Тайна счастья — как крепкий орех.

Путь желанья, тернистый и зыбкий,

Обрывается там,

где в помойном ведре

задыхаются люди-рыбки…

 

- 39 -

Невозможно спастись!

Невозможно снасти!

Смерть на личиках тайн сокровенных!

Мозг бессилен,

бескровны пути,

перерезанные, как пены.

Наркотик жизни обесценен. Теперь возможности только у наркоманов, в совершенстве владеющих искусством заглушать собственные страдания и подавлять отчаяние и страх... Дайте мне жизнь, в которой я мог бы радоваться восходящему солнцу и свободной птицей петь в зеленой листве девственного леса. Укажите мне путь в эту жизнь, и я пойду с вами. Но вам этот путь неизвестен. Ваши пути бескровны, как перерезанные вены... В помойном ведре задыхаются люди-рыбки... И мозг бессилен что-либо изменить... Невозможно спасти! Невозможно спастись!

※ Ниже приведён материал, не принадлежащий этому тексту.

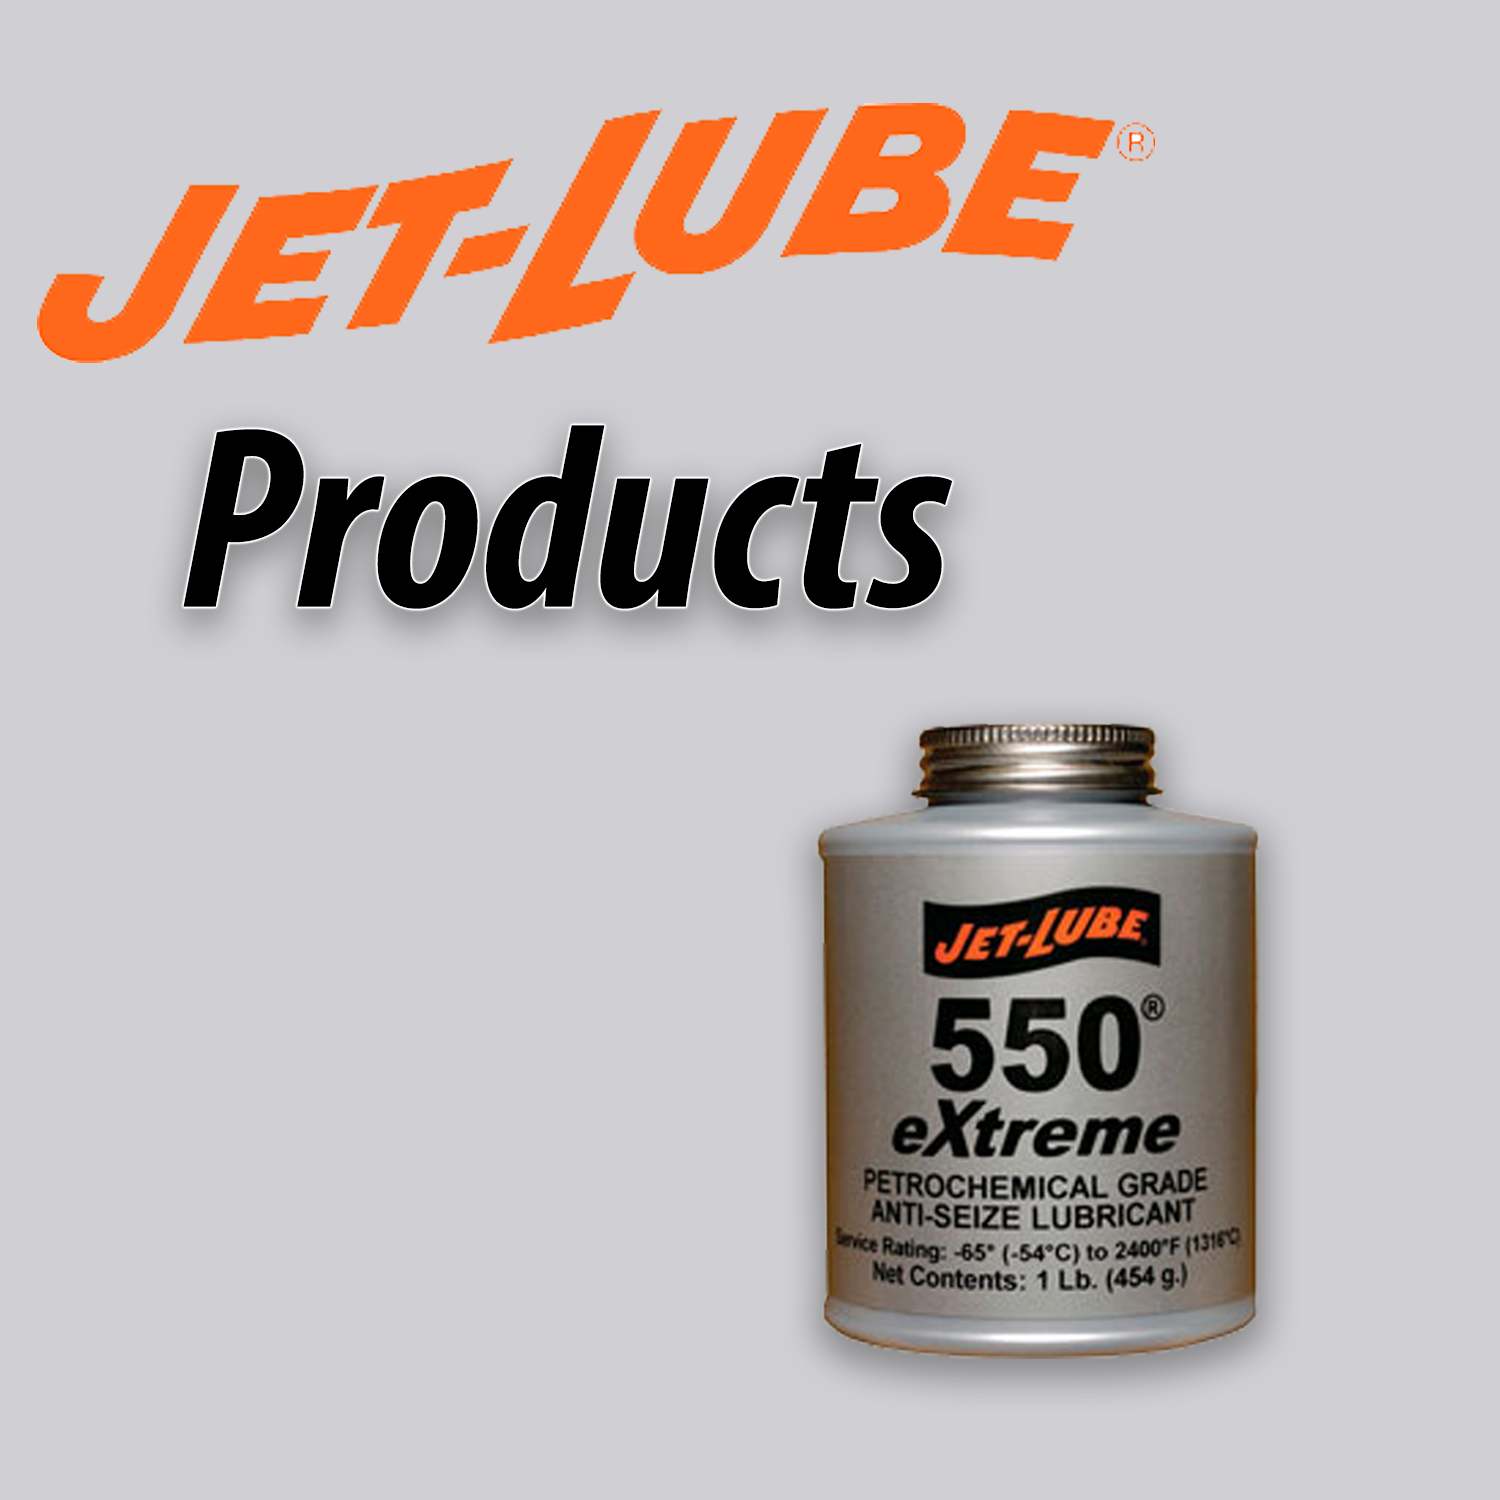 Jet Lube 550
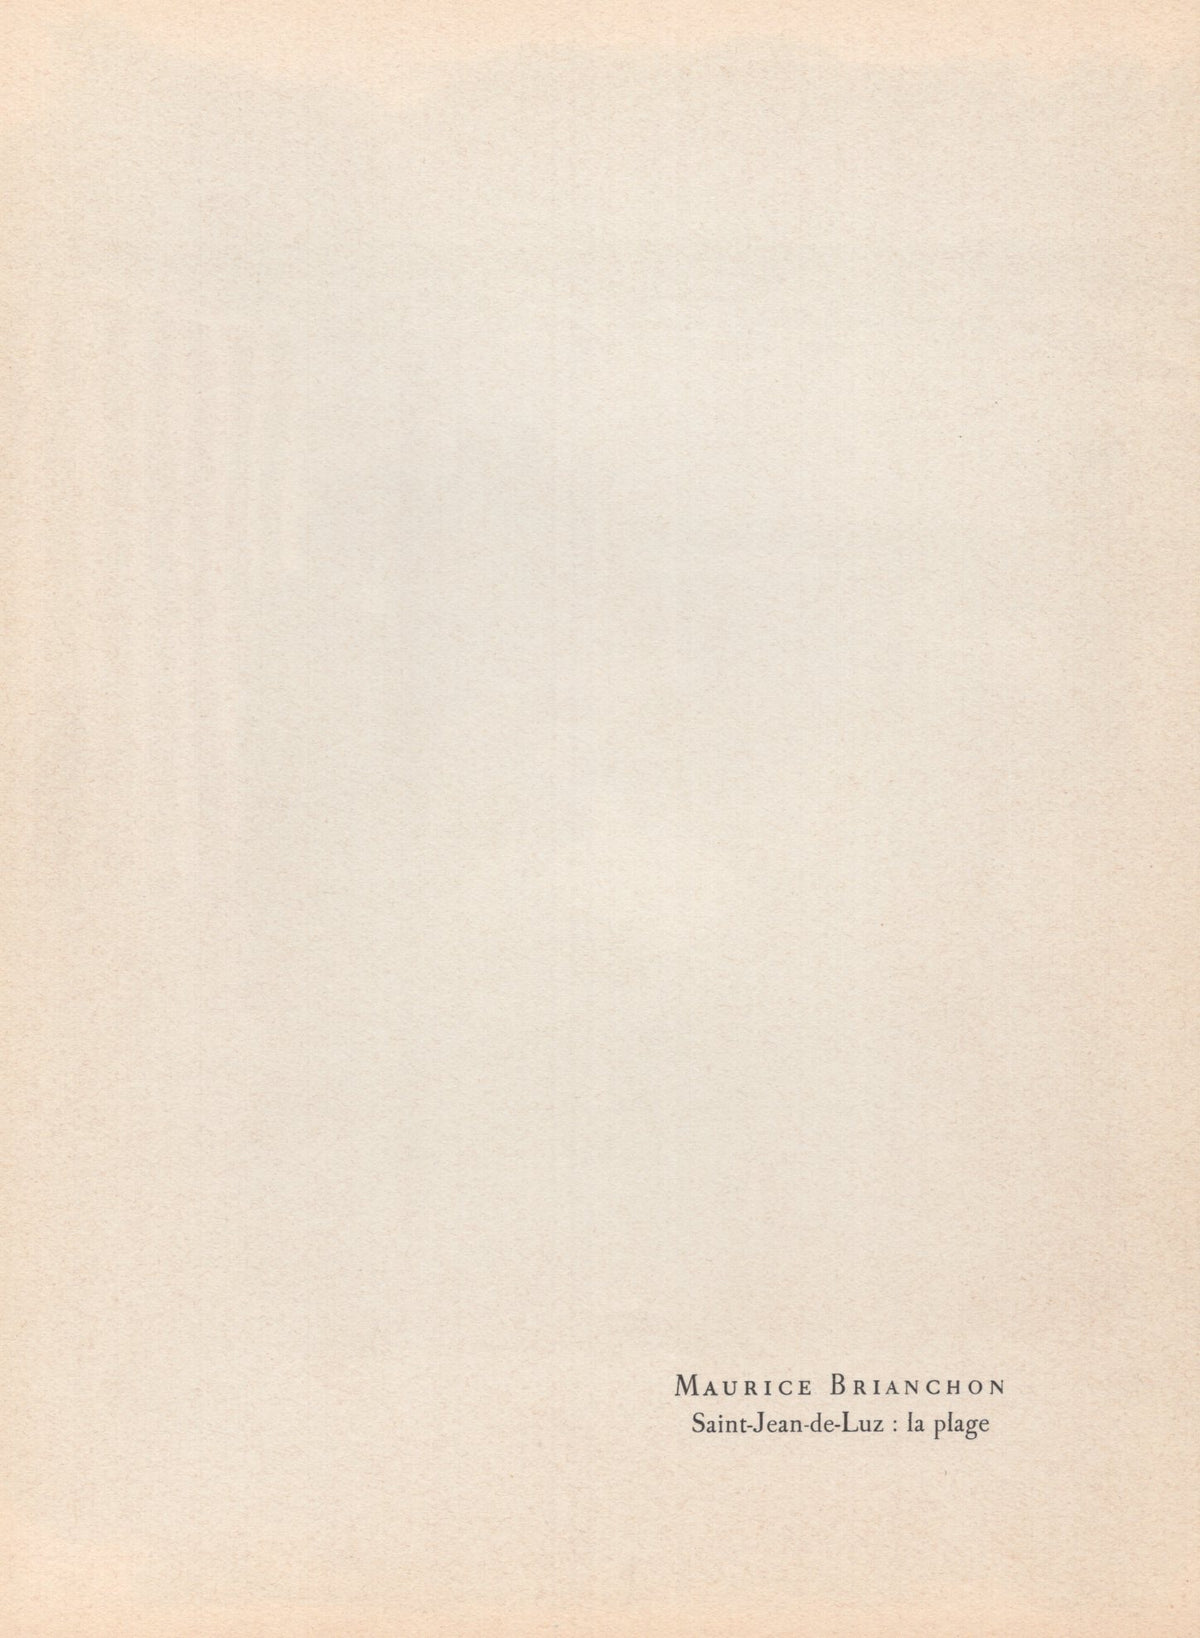 Maurice Brianchon - &quot;Saint-Jean-de-Luz : La plage&quot; - Mourlot Press 1964 Lithograph - 7.5 x 10&quot;

— Не надо меня пугать моими же стихами. У меня, между прочим. есть и другие:

Я рвусь сквозь мертвый пласт гудрона

в обитель ливней и лучей.

— Не забудь еще написать о том, что все мы рвемся и всех нас рубят под корень самые обыкновенные дворники. В этом, может быть, есть истина, но я думаю, что большая истина в вине...

— Давай выпьем, и нам нужно бежать.

— А куда? Куда бежать-то? Говорит человек, волнуется грудь его, расправляет он свои огромные крылья и... бежит в подворотню, как общипанная курица... Но, Боже мой, как я устал... Как мучительно нести в себе это кладбище полузарезанных ангелов... они еще шевелятся во мне... совесть еще не задохнулась в моей темнице... она зовет... Восстань! Восстань и разрушь собственную темницу! Ангелы умирают! Не можешь? Можешь, потому что восстать против себя — значит восстать против всех. Не бойся! Не бойся, глупец, ибо все только и ждут твоего сигнала... Моя кровь кипит, она жжет мои вены. Я жду? Нет, я не жду. Я восстал. Я уже давно восстал. Я уже давно мечом солнечного плодородия отрубаю головы кровавых шакалов. Ни с места, утонченные паразиты и извращенные подлецы! Ни с места! Или я утоплю вас в океане пшеничного поля. Я засыплю вас лепестками цветущих вишен. Бесчисленные стрелы моих васильков пригвоздят вас к земле.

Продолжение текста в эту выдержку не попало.